In Butler v. WinCo Foods, LLC, — Fed. App’x —, 2015 WL 3377837 (May 26, 2015), the plaintiff had challenged the defendant grocery store’s service animal policy. After the store offered the plaintiff an individual exception to the policy, the District Court dismissed the case as moot. In today’s decision, the Ninth Circuit reversed, holding that WinCo had not met its burden to show that it was “‘absolutely clear’ that it ‘could not reasonably be expected’ to revoke the exception or continue to enforce the allegedly improper policy against” the plaintiff.
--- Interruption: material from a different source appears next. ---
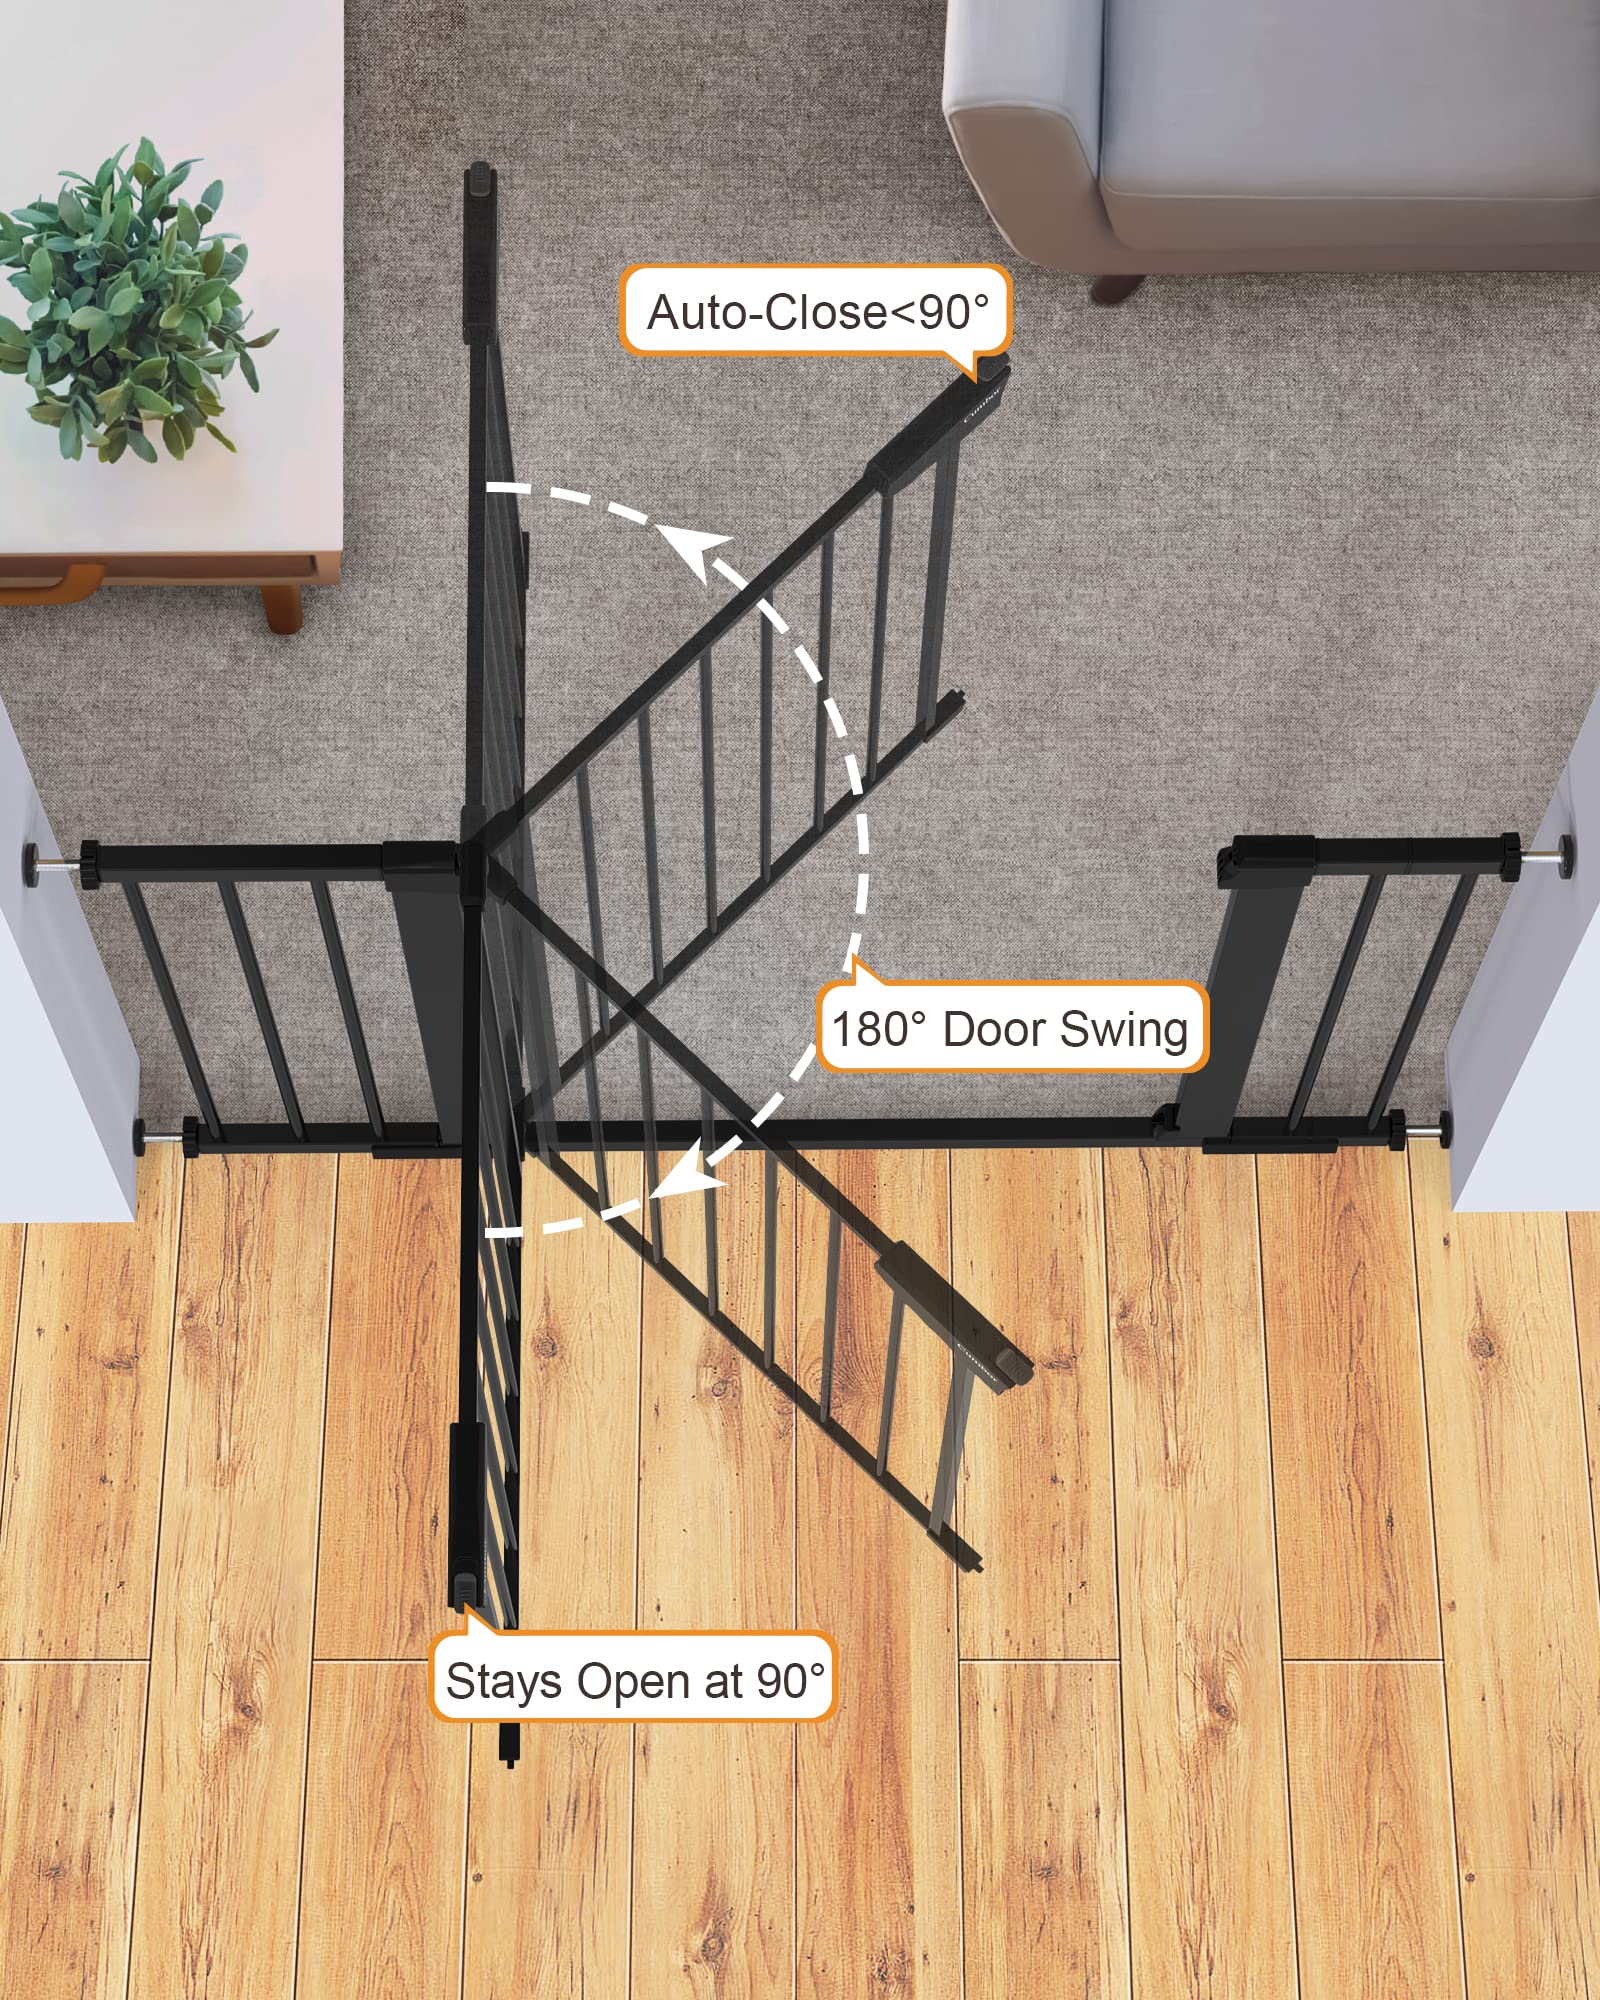 Cumbor 36" Extra Tall Baby Gate for Dogs and Kids with Wide 2-Way Door, 29.7"- 46" Width, and Auto Close Personal Safety for Babies and Pets, Fits Doorways, Stairs, and Entryways, Black

WinCo proffers the declaration of its manager, Steve Behn, who states that a memorandum is posted in the breakroom informing employees of the exception; that employees are being trained to grant Butler the exception; and that WinCo “has no intention of revoking the exception to the policy.” However, WinCo’s allegedly improper service animal policy remains in place, and WinCo maintains the position that the policy need not be changed. And, although WinCo employees are presently being trained to grant Butler an exception to the policy, it is not “absolutely clear” that such training cannot reasonably be expected to cease.
Butler, slip op. at 3.
Congratulations to Amy Vandeveld, the plaintiff’s attorney. CREEC wrote an amicus brief in support of Ms. Butler, which was joined by our friends at the American Association of People with Disabilities, The Disability Law & Advocacy Center of Tennessee, the Disability Rights Education And Defense Fund, Disability Rights Texas, the Judge David L. Bazelon Center For Mental Health Law, and Legal Aid Society – Employment Law Center.